• **Exercise**: Nothing but the pictures is dropped; write out all the remaining data below exactly.

• **Given information**:
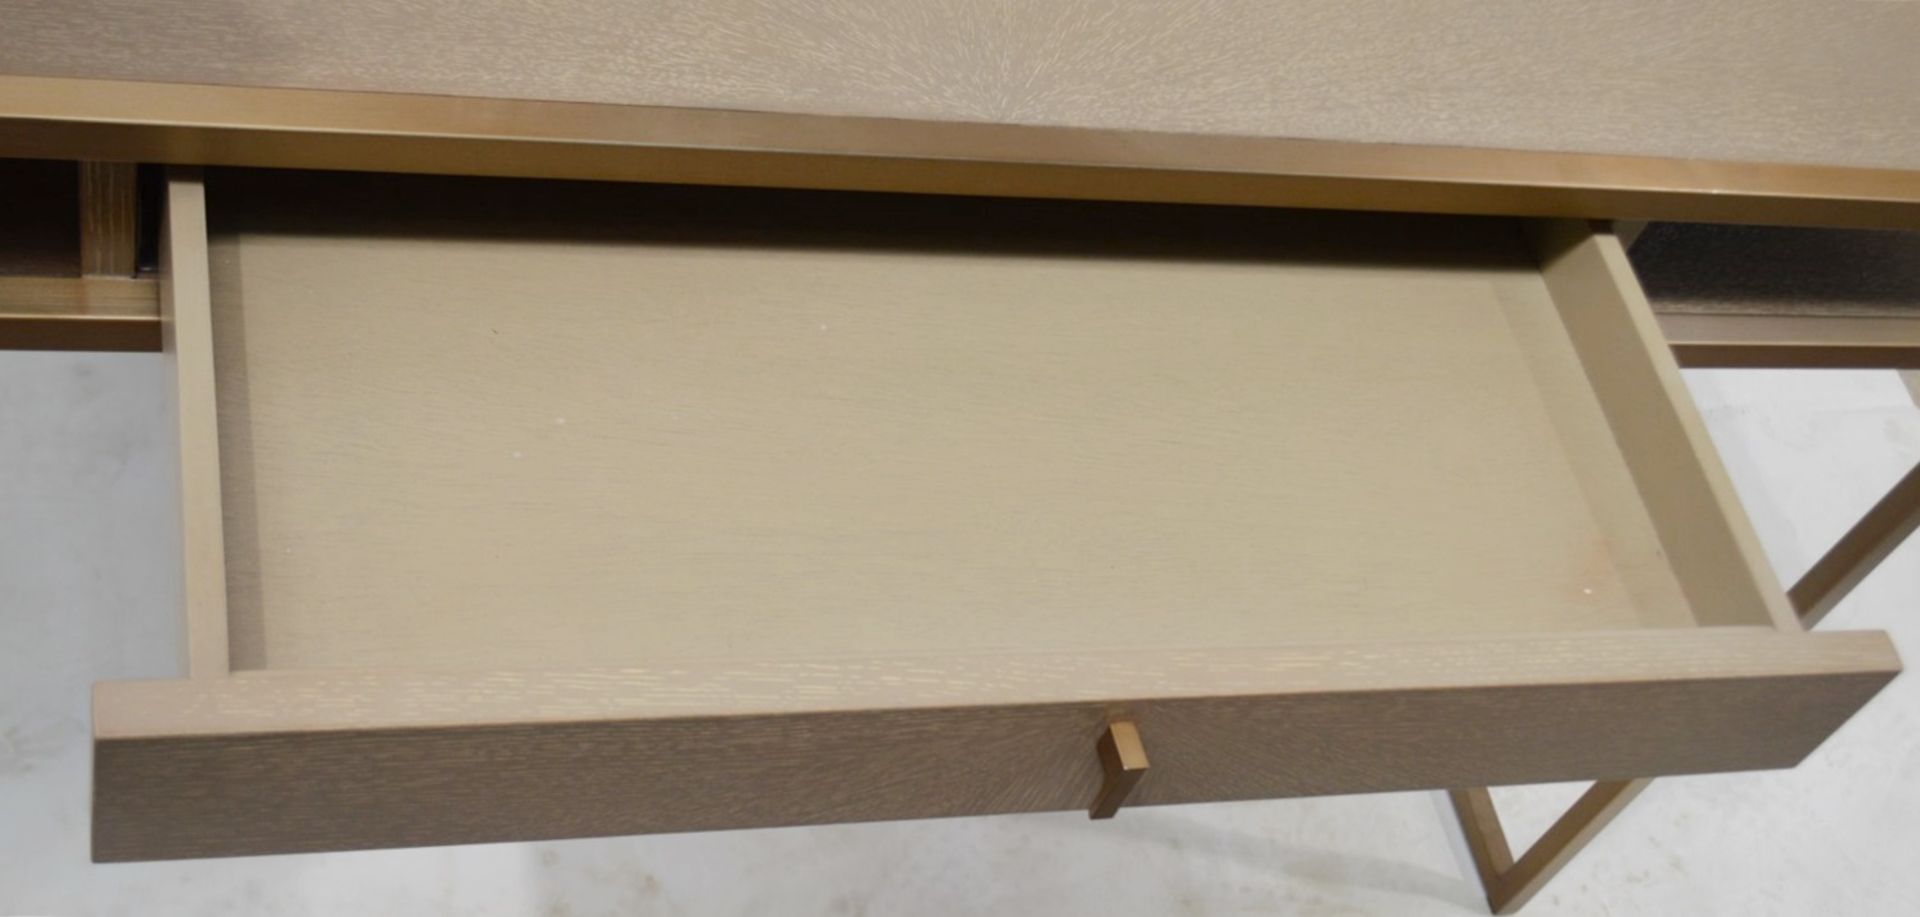 1 x EICHHOLTZ 'Highland' Designer Desk With Washed Oak And Brushed Brass Finishes - Ex-Display - - Image 7 of 12
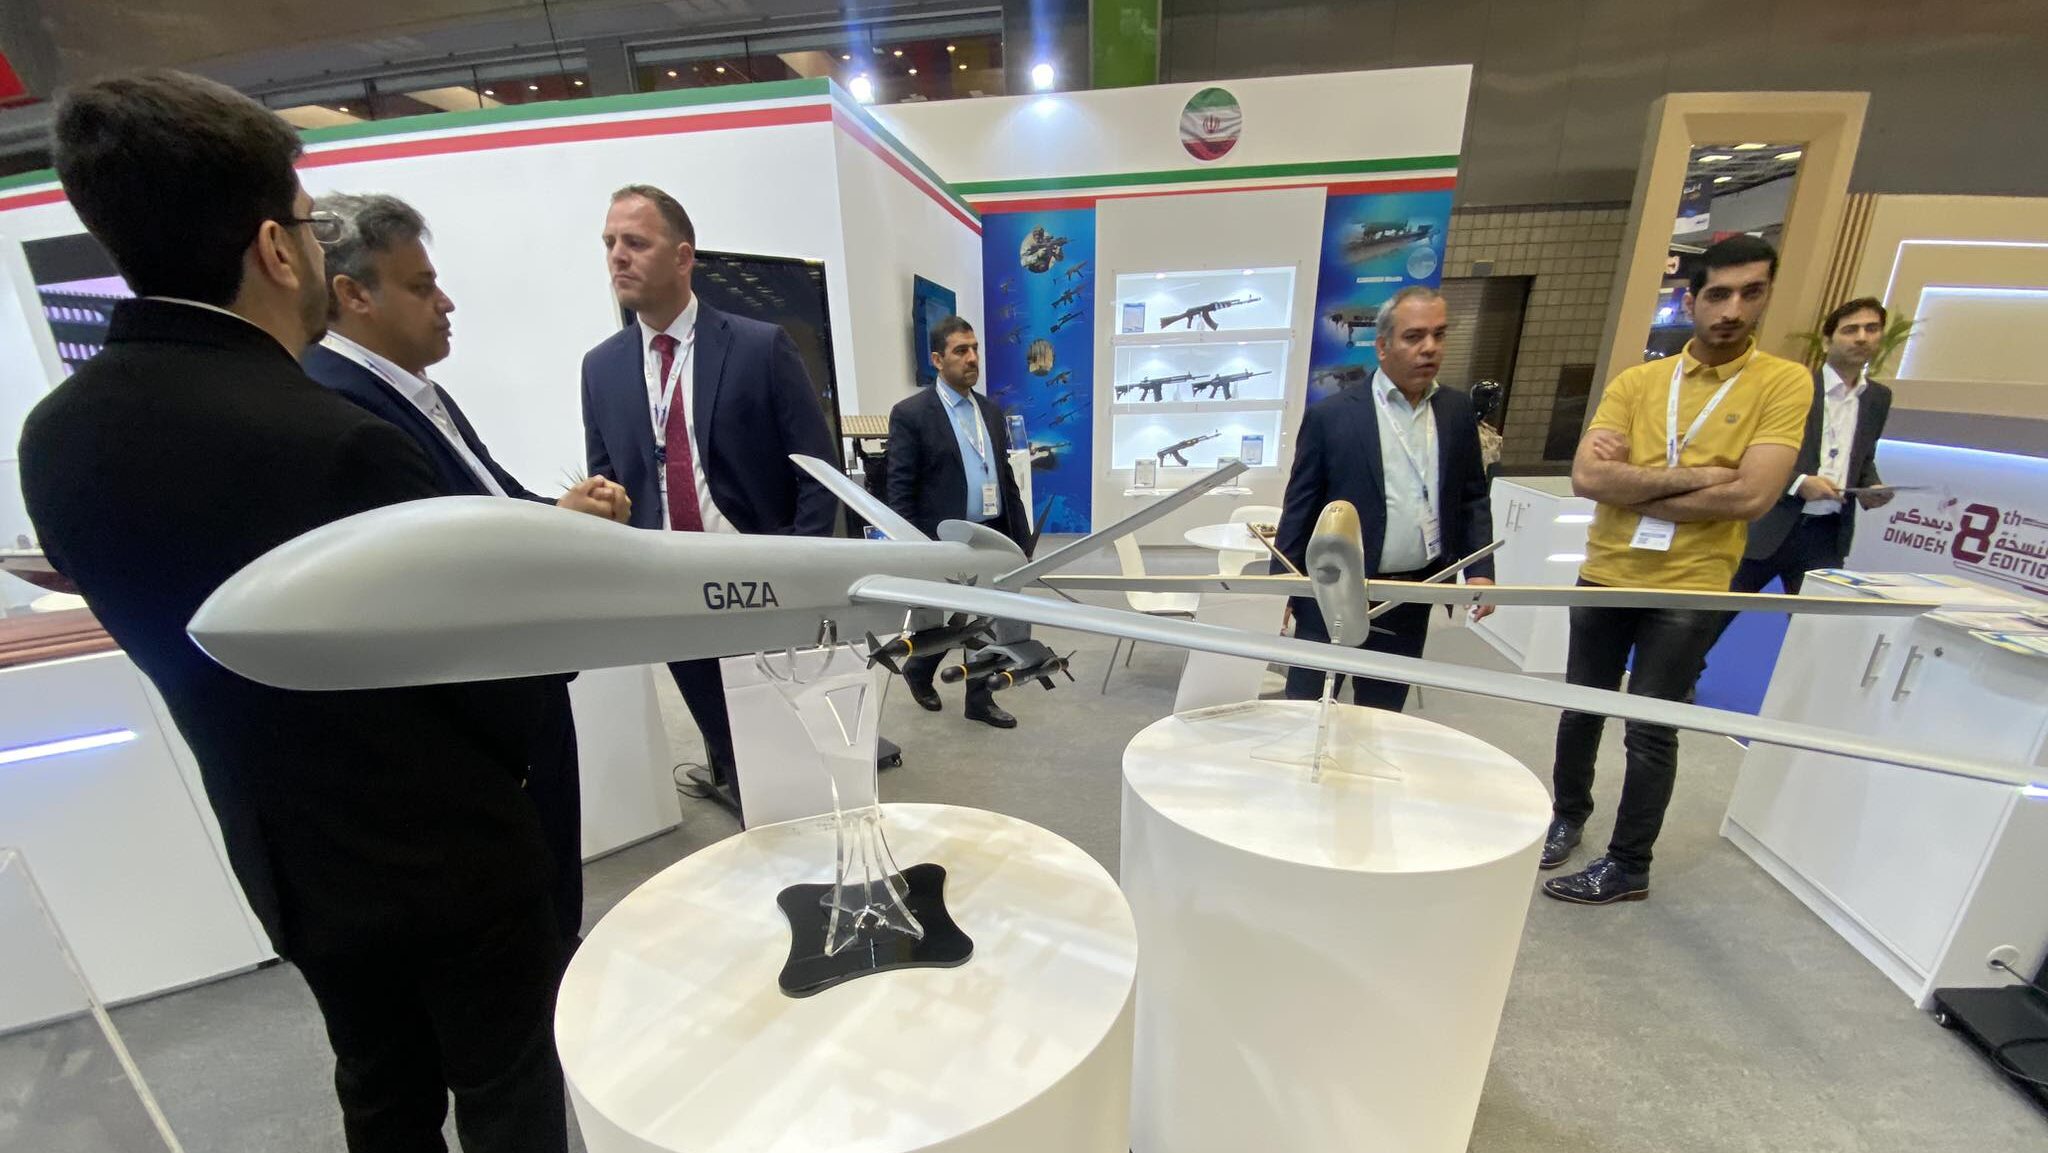 Iranian UAV dubbed "Gaza" at Qatar defense show.
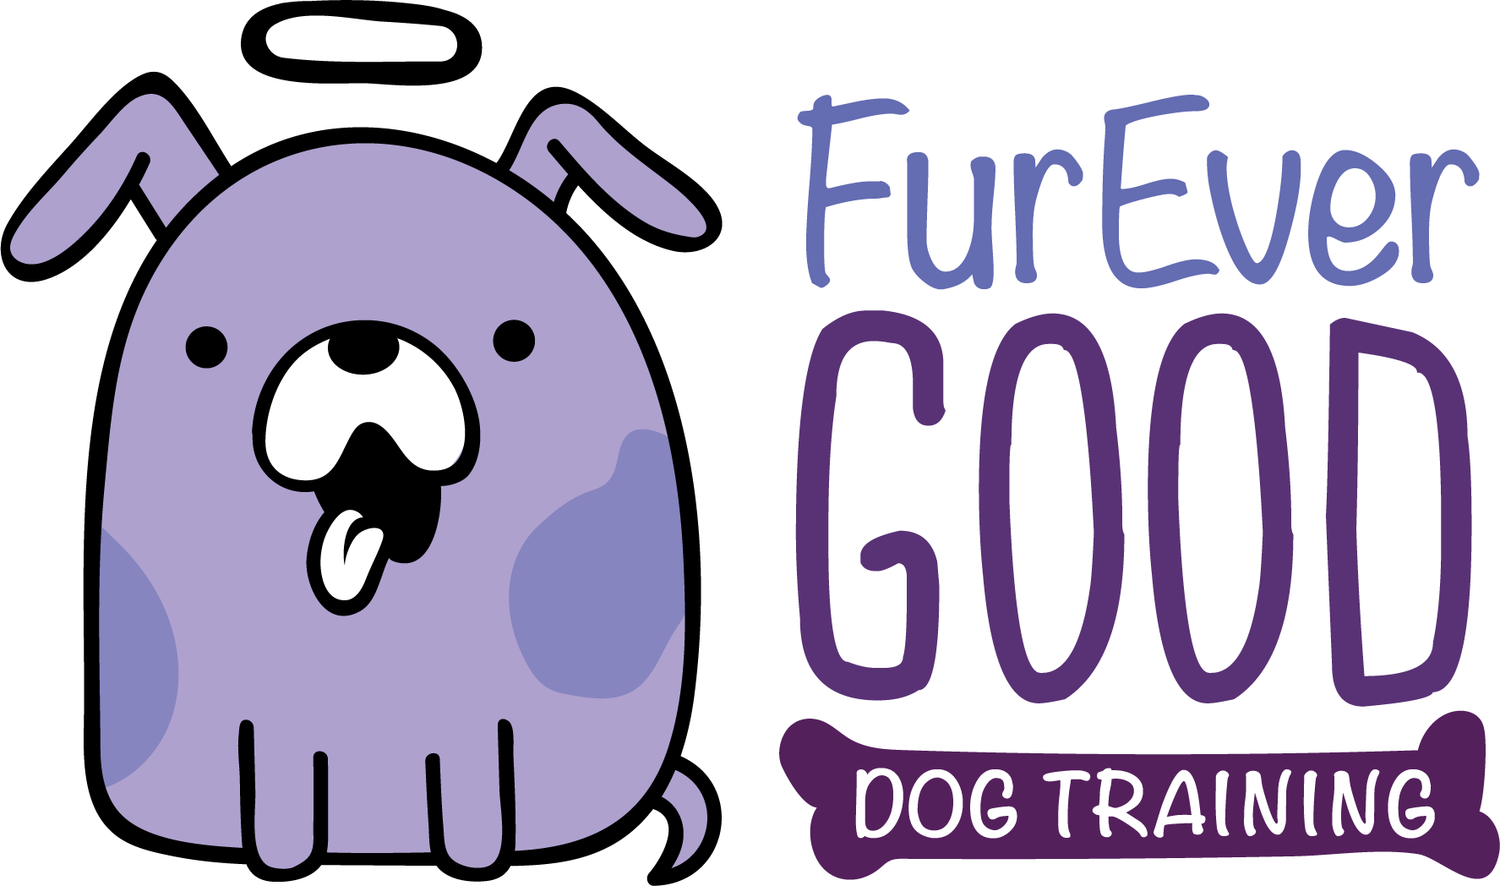 FurEver Good Dog Training

• **Response to this exercise**:
 1 x EICHHOLTZ 'Highland' Designer Desk With Washed Oak And Brushed Brass Finishes - Ex-Display - - Image 7 of 12
 Iranian UAV dubbed "Gaza" at Qatar defense show.
 FurEver Good Dog Training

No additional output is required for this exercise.